### Your goal
Setting aside any pictures, reproduce the data exactly.

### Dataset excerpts
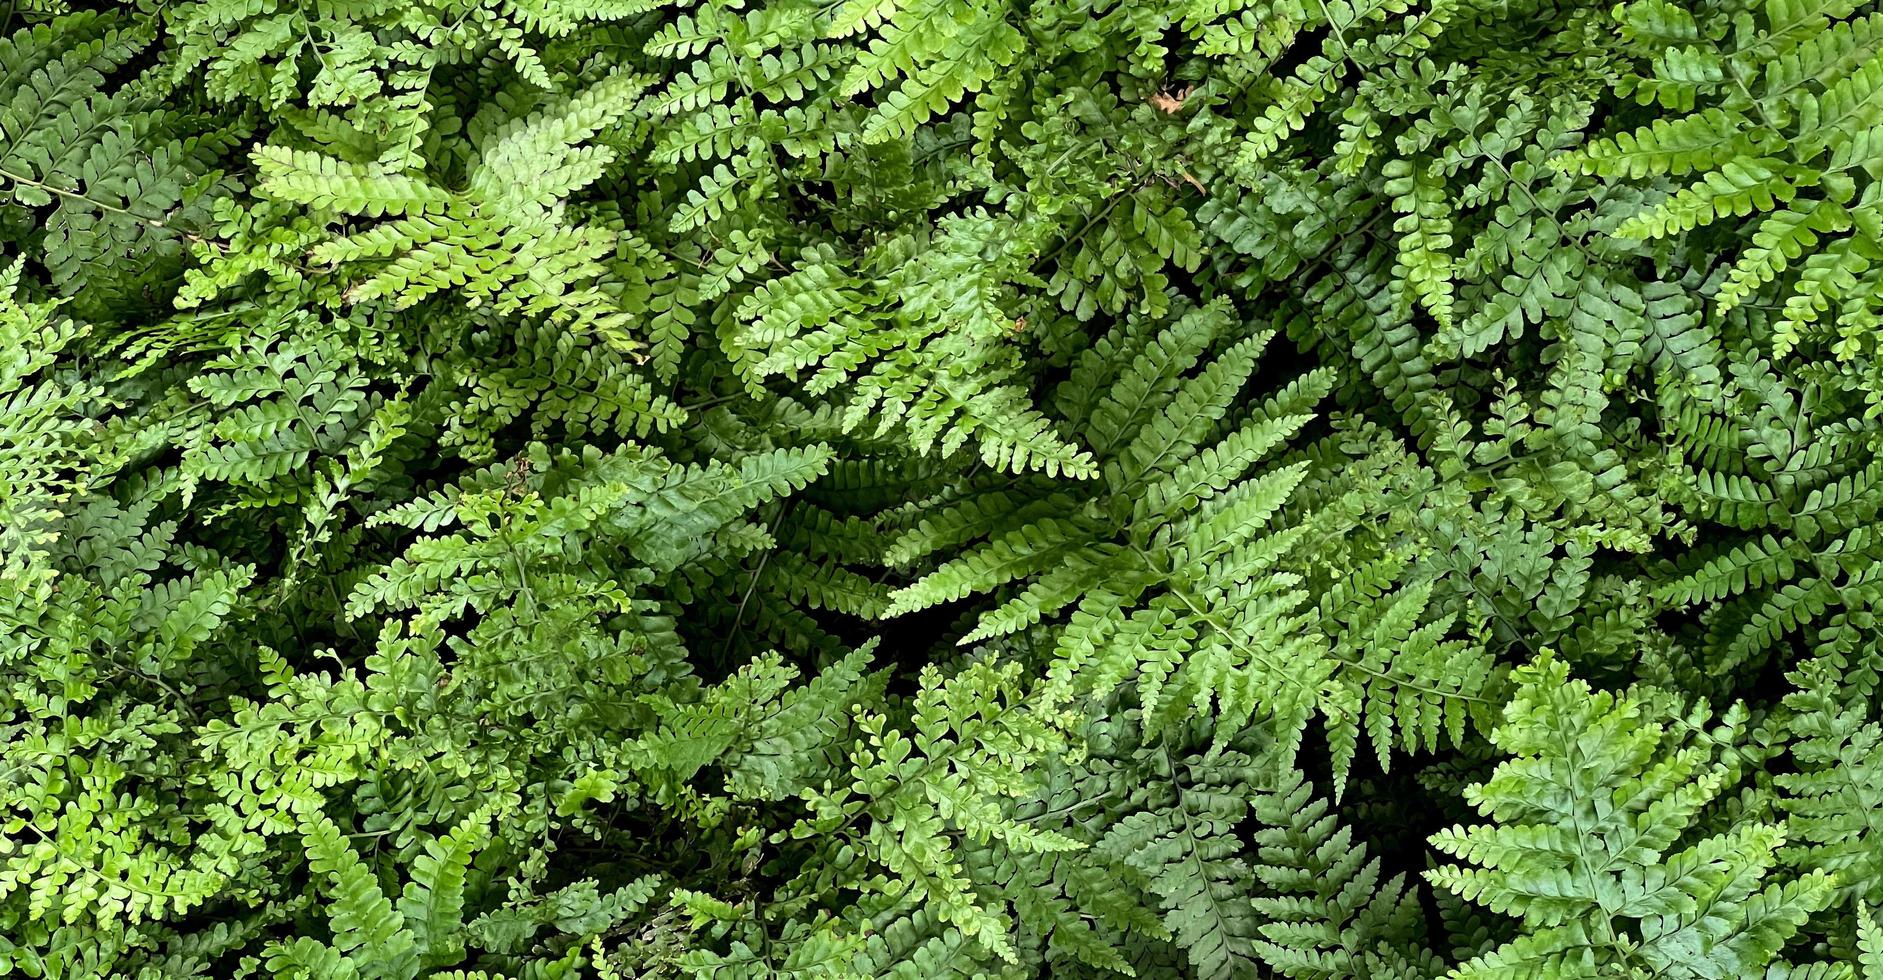 fond de nature verte. feuillage vert foncé plante fraîche, bannière de feuilles vertes naturelles photo
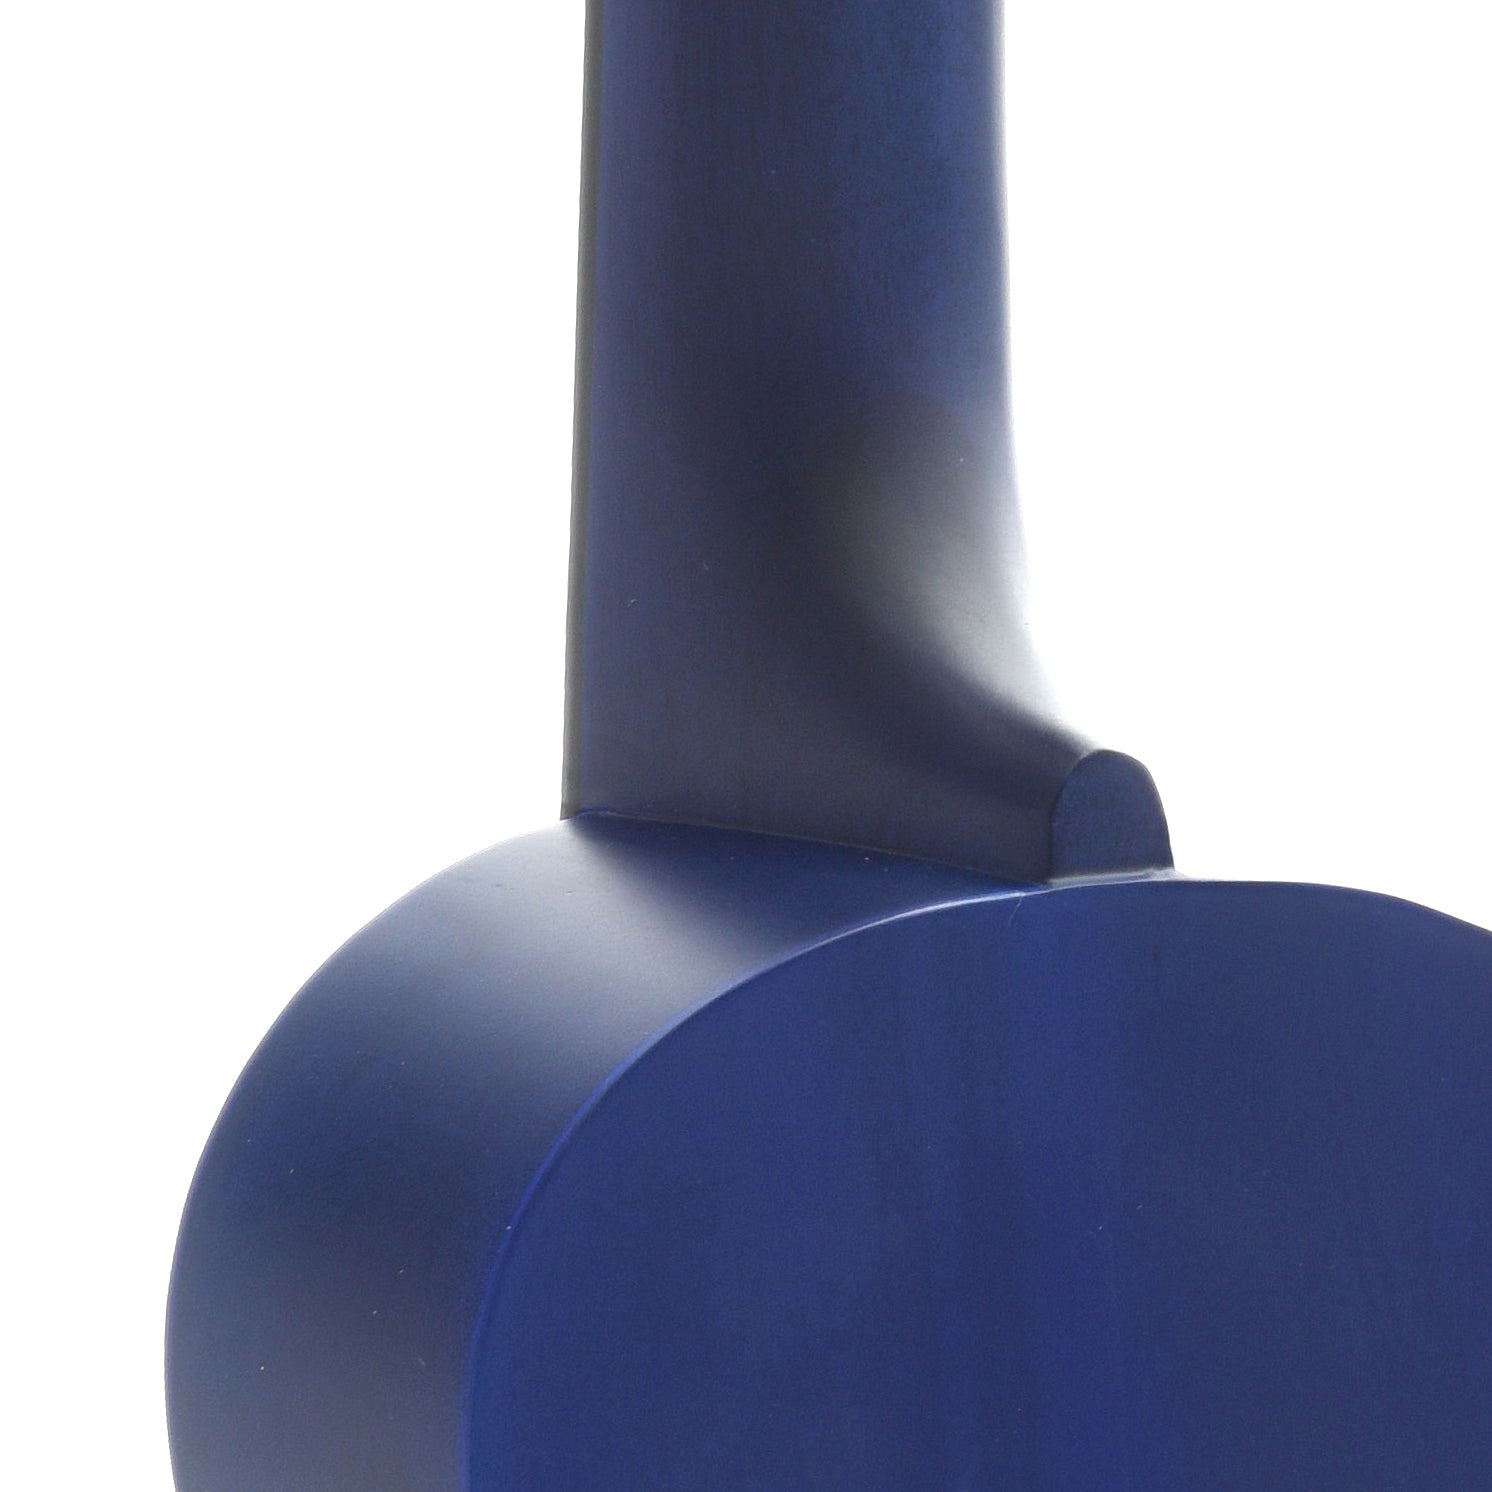 Neck Joint of Ohana SK-10 Soprano Ukulele, Blue
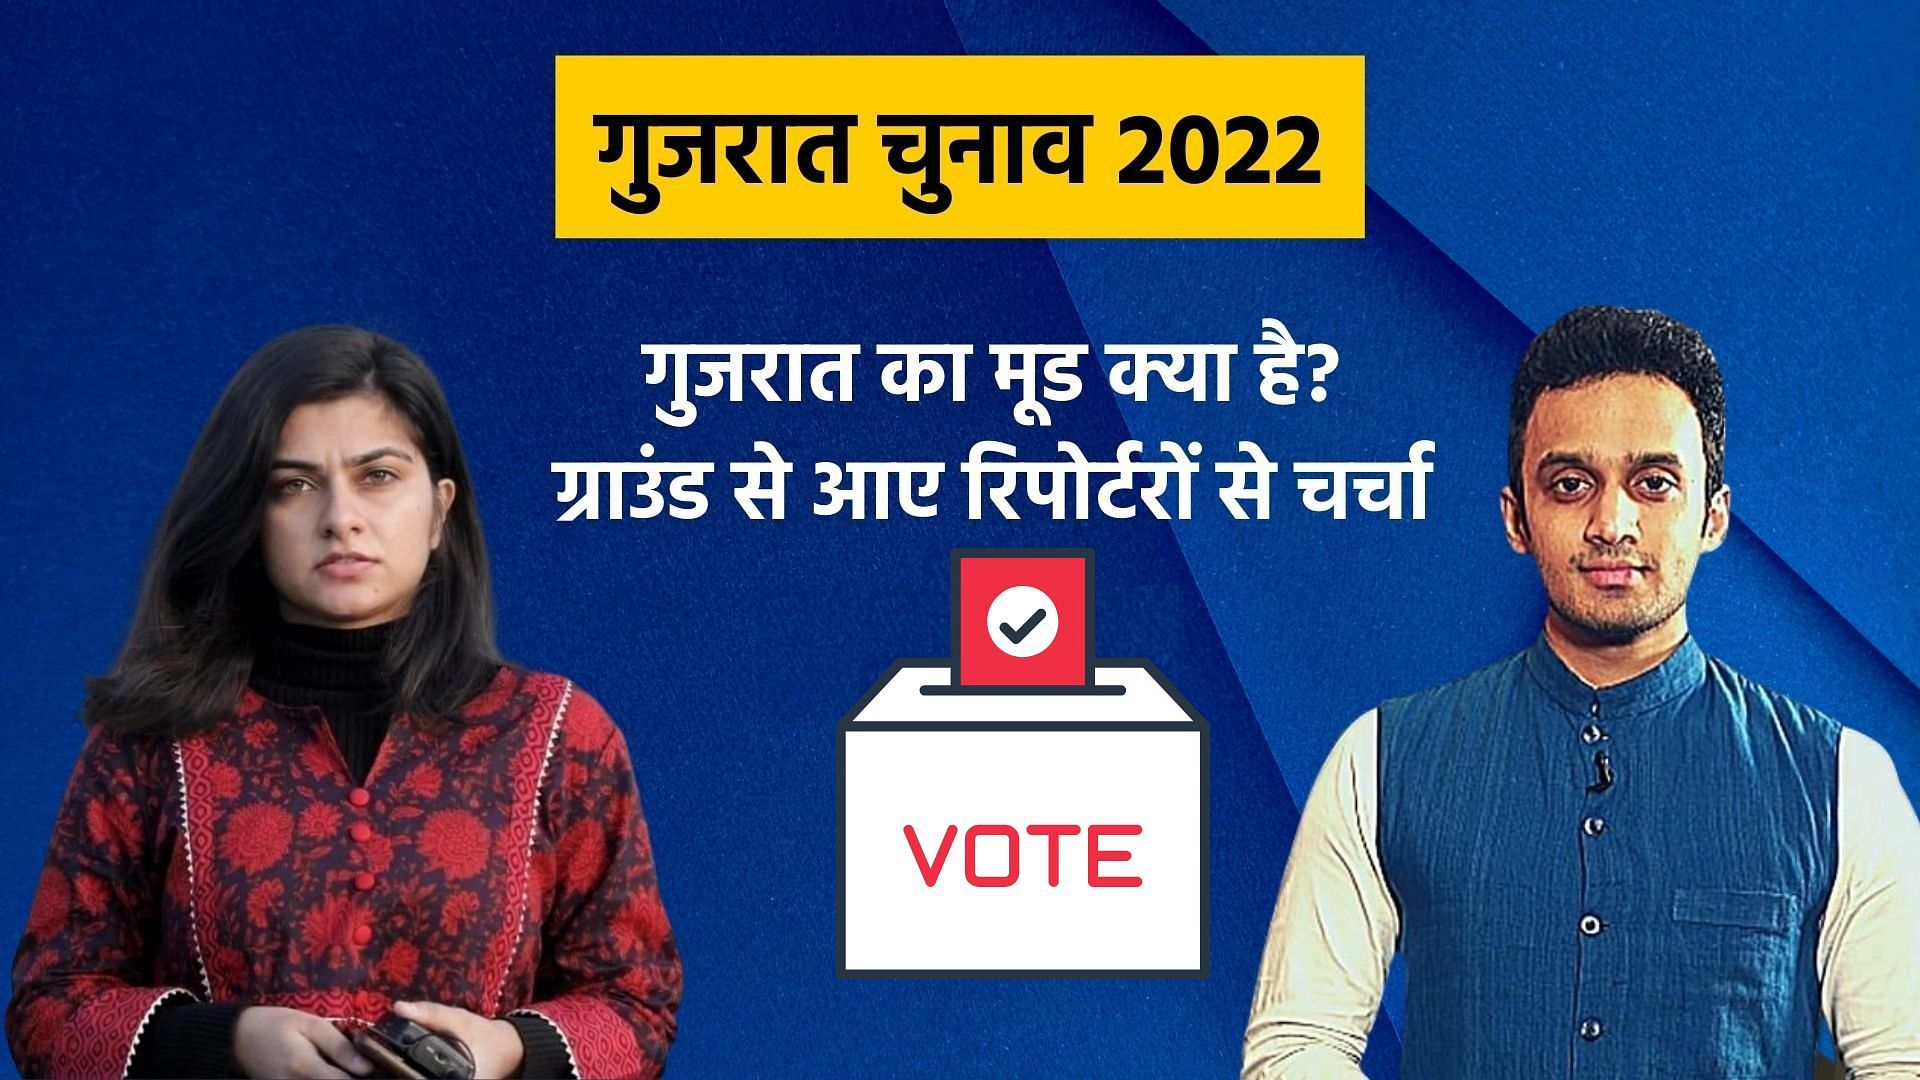 <div class="paragraphs"><p>Gujarat Election 2022</p></div>
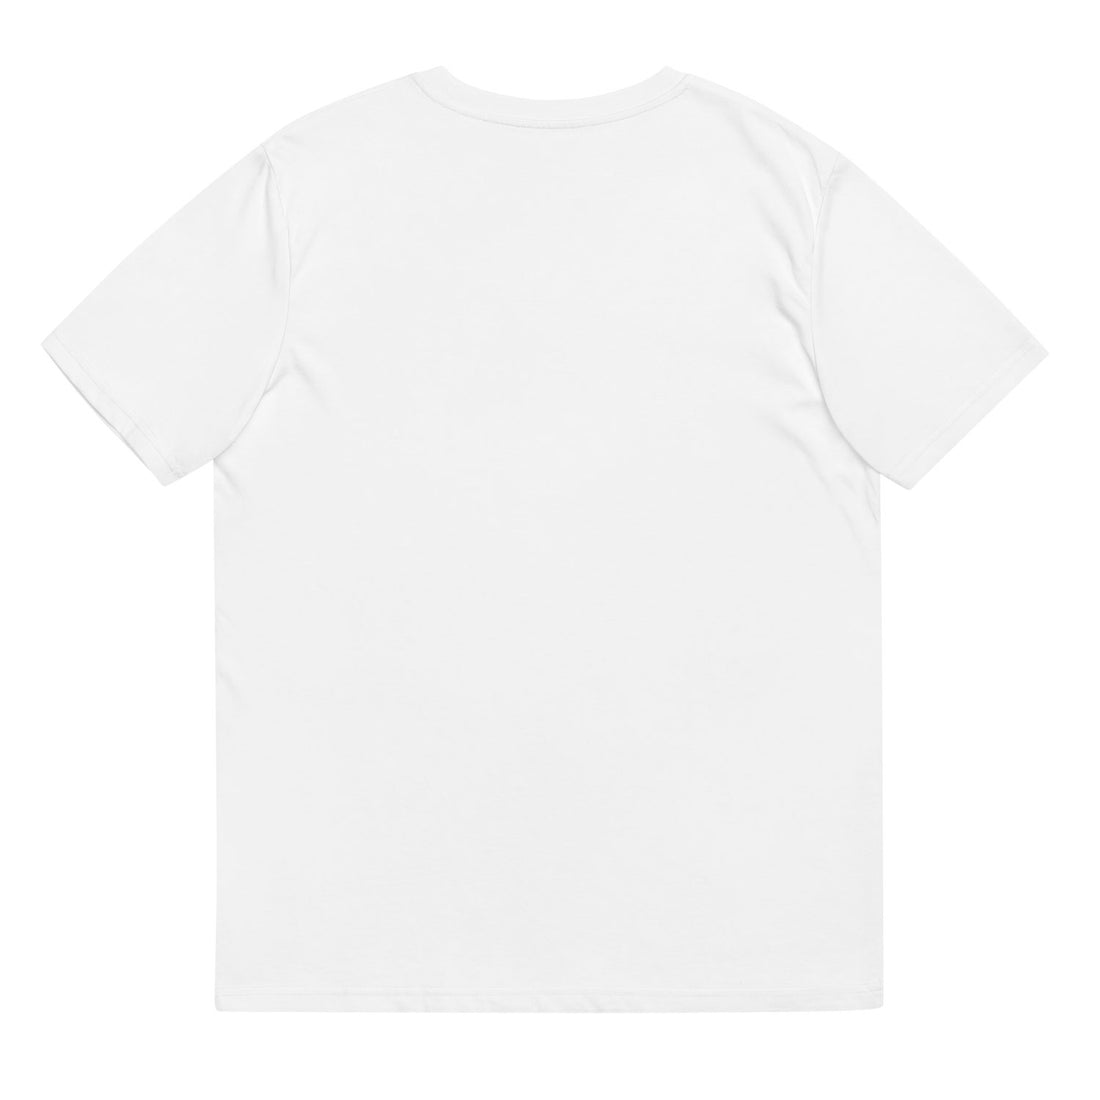 btc graphic tshirt white
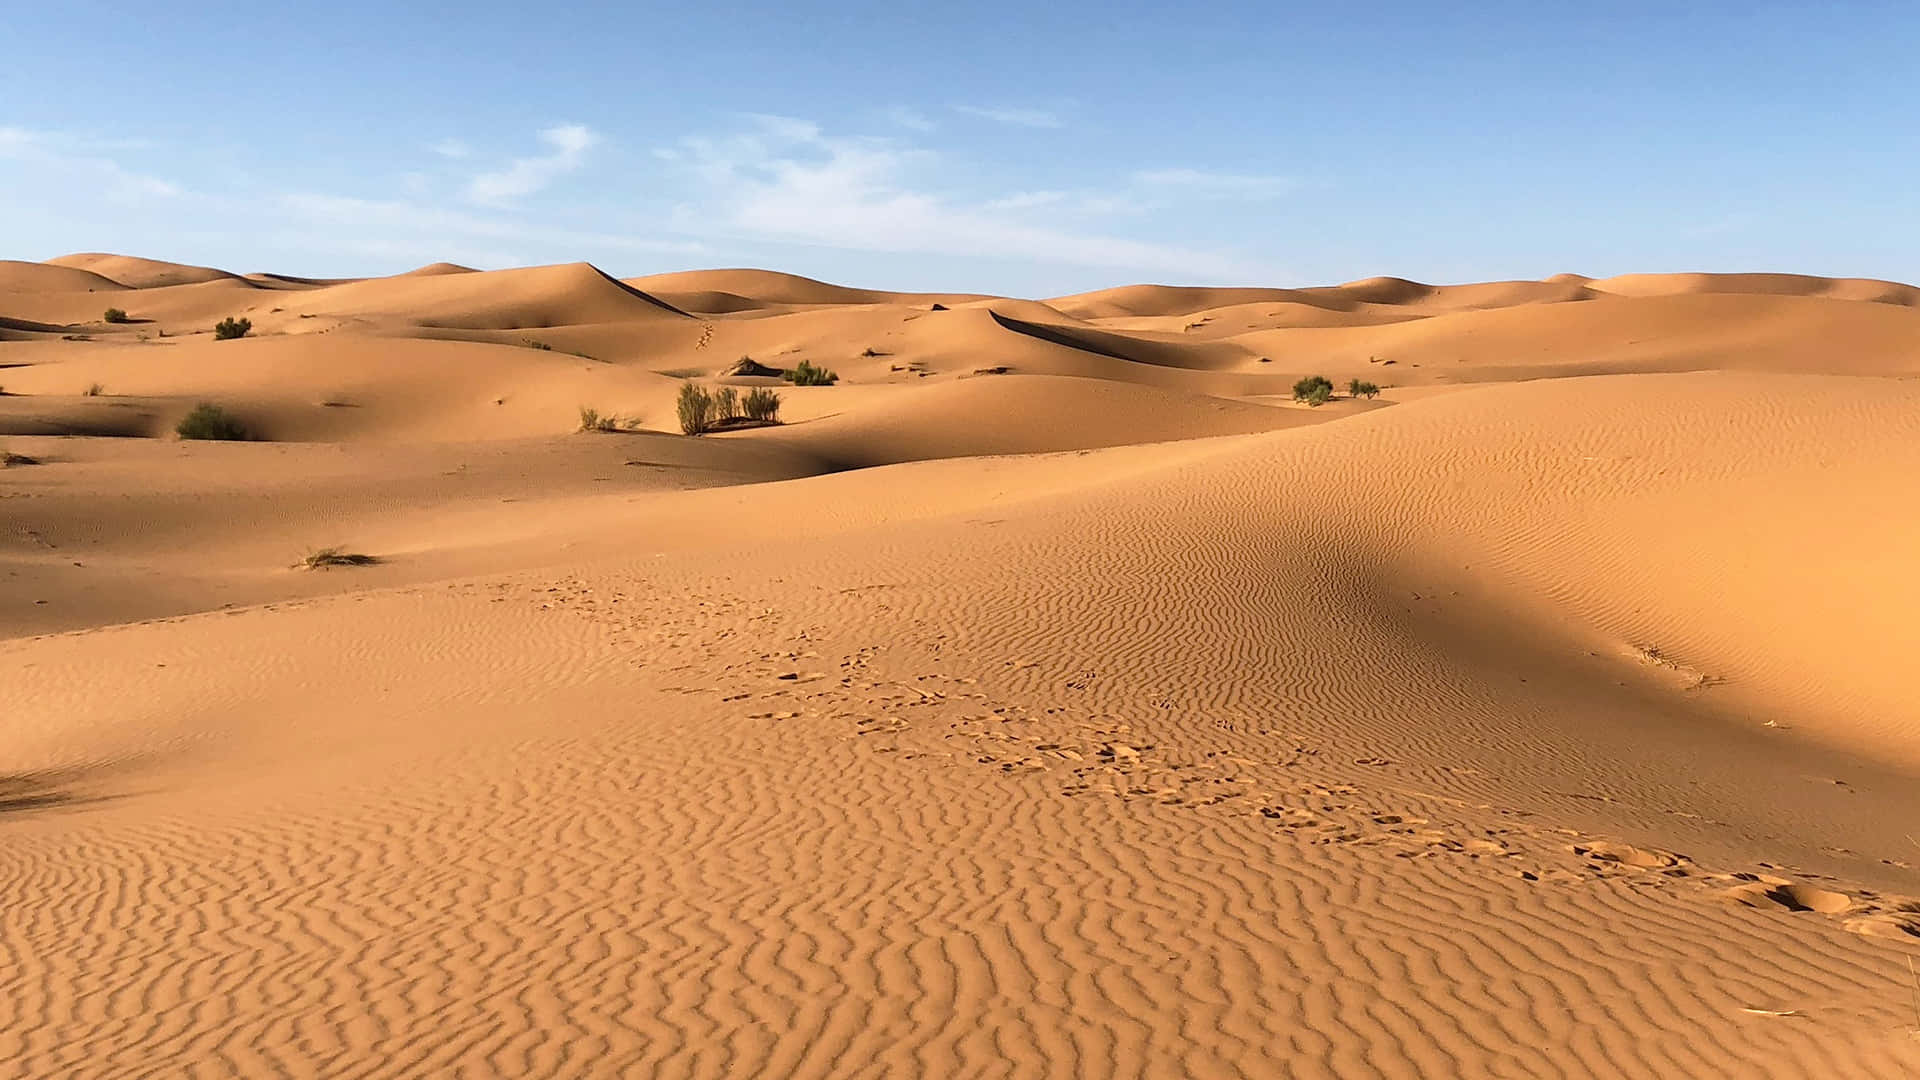 Standing tall in the unforgiving desert

### Result
 fond de nature verte. feuillage vert foncé plante fraîche, bannière de feuilles vertes naturelles photo
 Neck Joint of Ohana SK-10 Soprano Ukulele, Blue
 <div class="paragraphs"><p>Gujarat Election 2022</p></div>
 btc graphic tshirt white
 Standing tall in the unforgiving desert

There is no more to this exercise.